It is the figure which showed an example of the tree structure dictionary for demonstrating the outline | summary of this invention. It is the block diagram which showed the structure of the principal part of the speech recognition apparatus to which this invention is applied. It is a functional block diagram of the search part shown in FIG. It is the flowchart which showed the procedure of the speech recognition to which this invention is applied. It is the flowchart which showed the procedure of the pruning process according to area | region. It is a figure for demonstrating the modification (the 1) of this invention. It is a figure for demonstrating the modification (the 2) of this invention. It is a figure for demonstrating the modification (the 3) of this invention. It is the figure which showed an example of grammar. It is the figure which showed an example of the tree structure dictionary. It is the figure which showed an example of the space (trellis) of a self transition and LR transition.

Explanation of symbols

DESCRIPTION OF SYMBOLS 11 ... Audio | voice signal input part, 12 ... Acoustic analysis part, 13 ... Parameter memory | storage part, 14 ... Search database, 15 ... Search part, 16 ... Recognition result determination part, 151 ... Likelihood calculation part, 152 ... Self-transition part, 153 LR transition unit 154 Pruning unit 154a Area dividing unit 154b State hypothesis sorting unit 154c Pruning condition setting unit 154d Area pruning unit 155 Word hypothesis output unit

Claims (7)

The feature parameters extracted from the input signal are compared with the probabilistic state transition model whose recognition pattern is expressed in a tree structure, and the state hypothesis is changed while calculating the likelihood of each state of the probability model for the feature parameter.
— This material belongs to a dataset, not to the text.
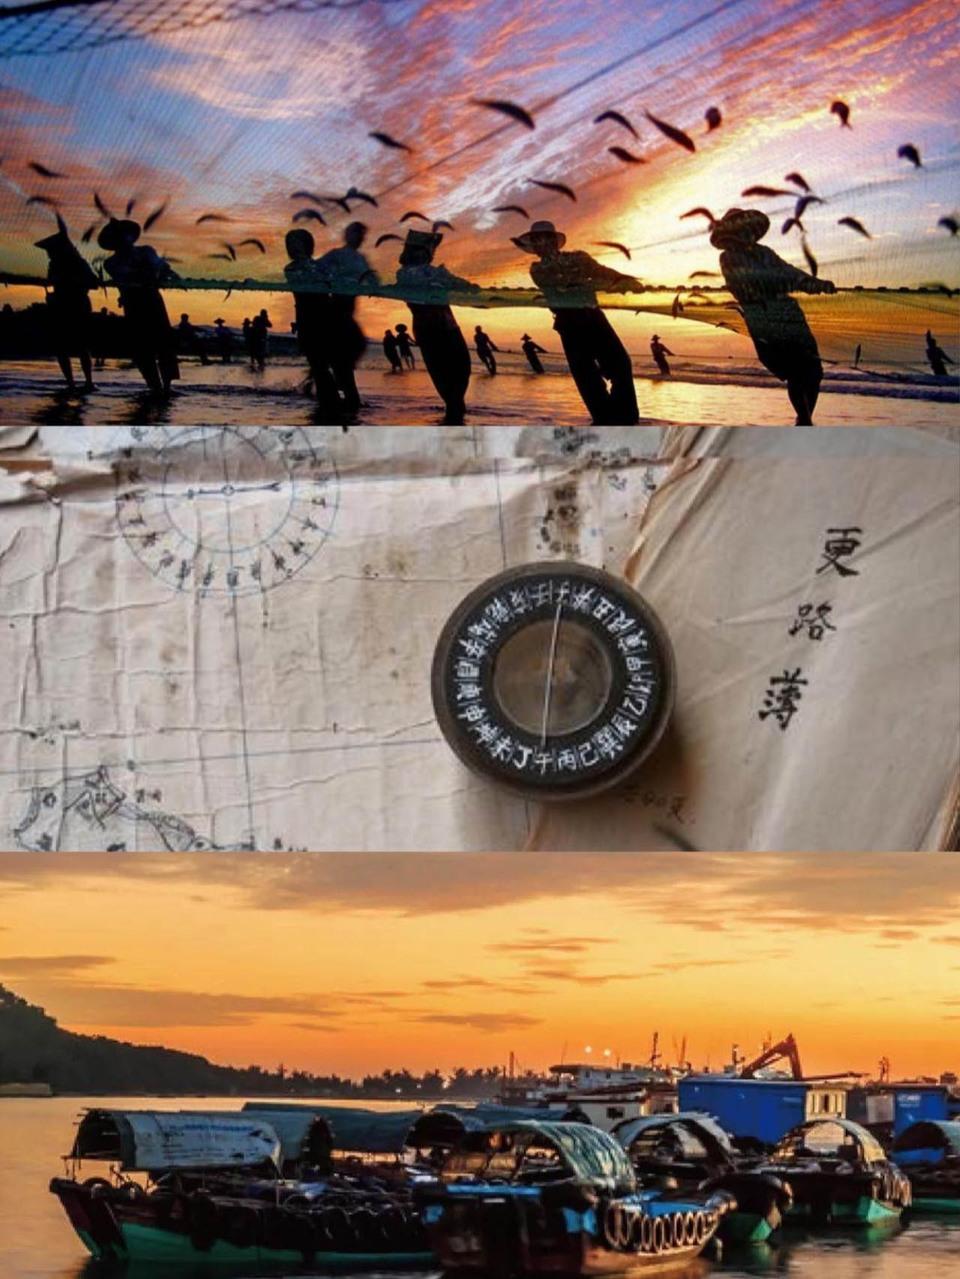 沿着高速看中国丨每一眼,都是绝美画面
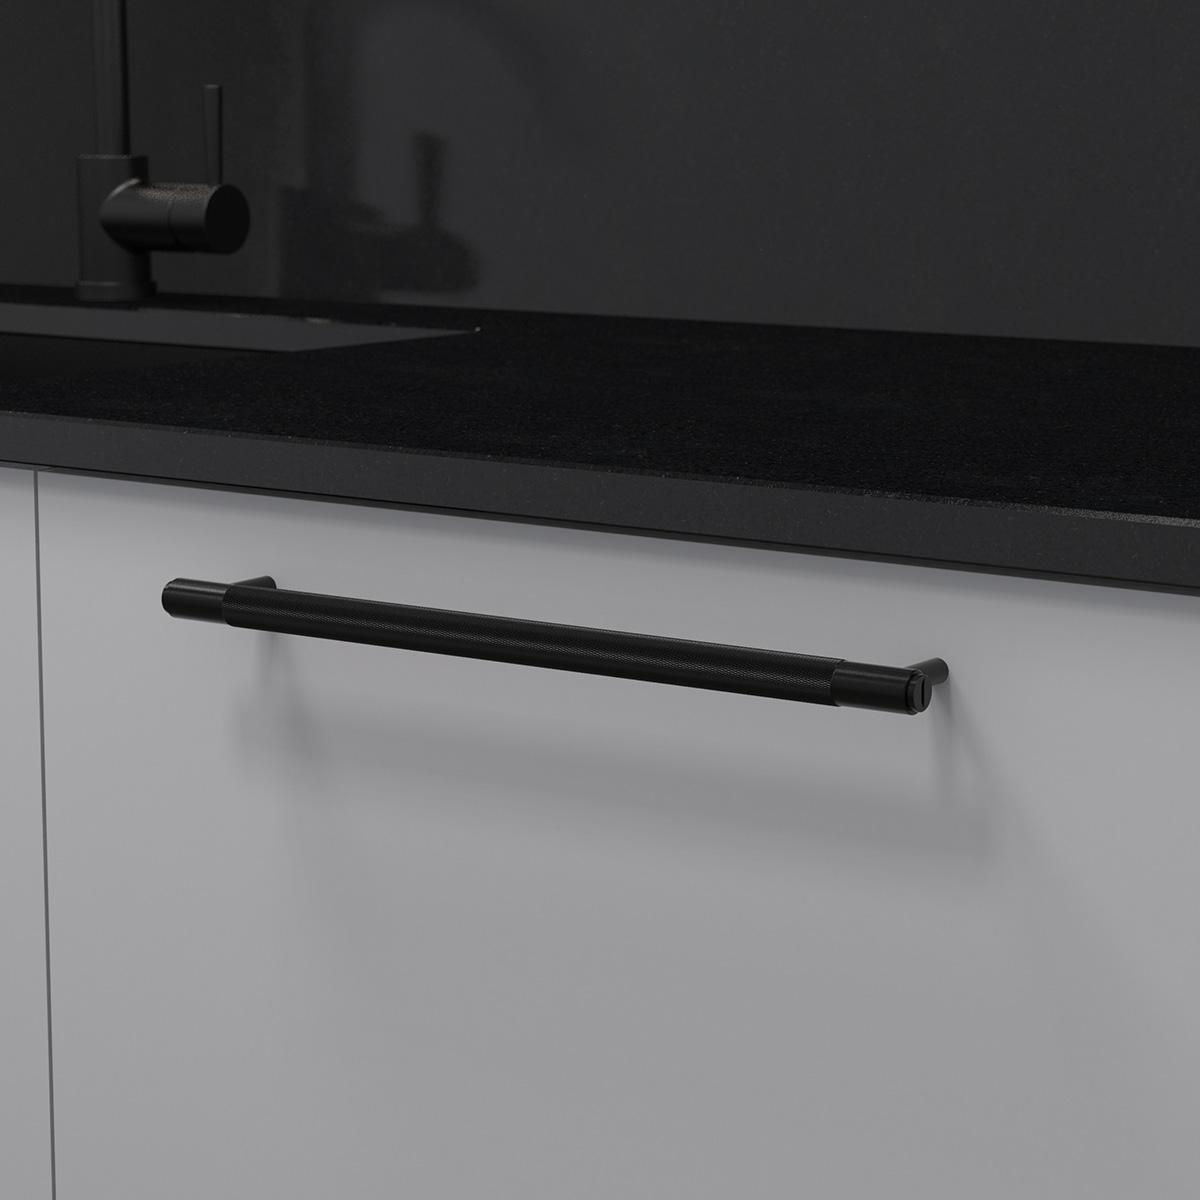 pull bar svart uk pb h 360 bl a cc 325 mm ncs s 3000 n granit svart

In the pattern recognition device that uses the most likely state transition path as a recognition pattern,
Search means for performing likelihood calculation in a search space of the state transition model based on a feature parameter of an input signal;
A region dividing means for virtually dividing the search space into a word determination region where a word is fixed and a word unconfirmed region where the word is not fixed ;
State hypothesis allocating means for allocating the state hypothesis that transitions at the same time to any of the divided regions;
A pattern recognition apparatus, comprising: a pruning unit for each region that excludes, from the search target, a state hypothesis having a low likelihood in the same region for each of the divided regions.   The pattern recognition apparatus according to claim 1, further comprising a pruning condition setting unit that sets a pruning condition for each of the divided areas. The pruning condition setting means, a pattern recognition apparatus according pruning conditions of the word fixing region to claim 2, characterized in that stricter than pruning conditions of said word undetermined area. Acoustic analysis means for extracting acoustic feature parameters from the audio signal in units of frames;
Pattern recognition apparatus according to any one of claims 1 to 3, characterized in that the speech recognition based on the acoustic feature parameter. The computer collates the feature parameter extracted from the input signal with a probabilistic state transition model in which the recognition model is expressed in a tree structure, and calculates the likelihood of each state of the probability model with respect to the feature parameter In a pattern recognition method in which a hypothesis is transitioned and the most likely state transition path is a recognition pattern,
A computer executing likelihood calculation in a search space of the state transition model based on a feature parameter of an input signal;
The computer virtually divides the search space into a word determination area where a word is fixed and a word undetermined area where a word is not fixed ;
A procedure in which the computer distributes the state hypothesis that transitions at the same time to any one of the areas;
A pattern recognition method , wherein the computer includes a region pruning procedure for excluding a state hypothesis having a low likelihood in the same region from a search target for each of the divided regions. A pattern recognition program for causing a computer to execute the pattern recognition method according to claim 5 . A recording medium in which the pattern recognition program according to claim 6 is stored so as to be readable by a computer.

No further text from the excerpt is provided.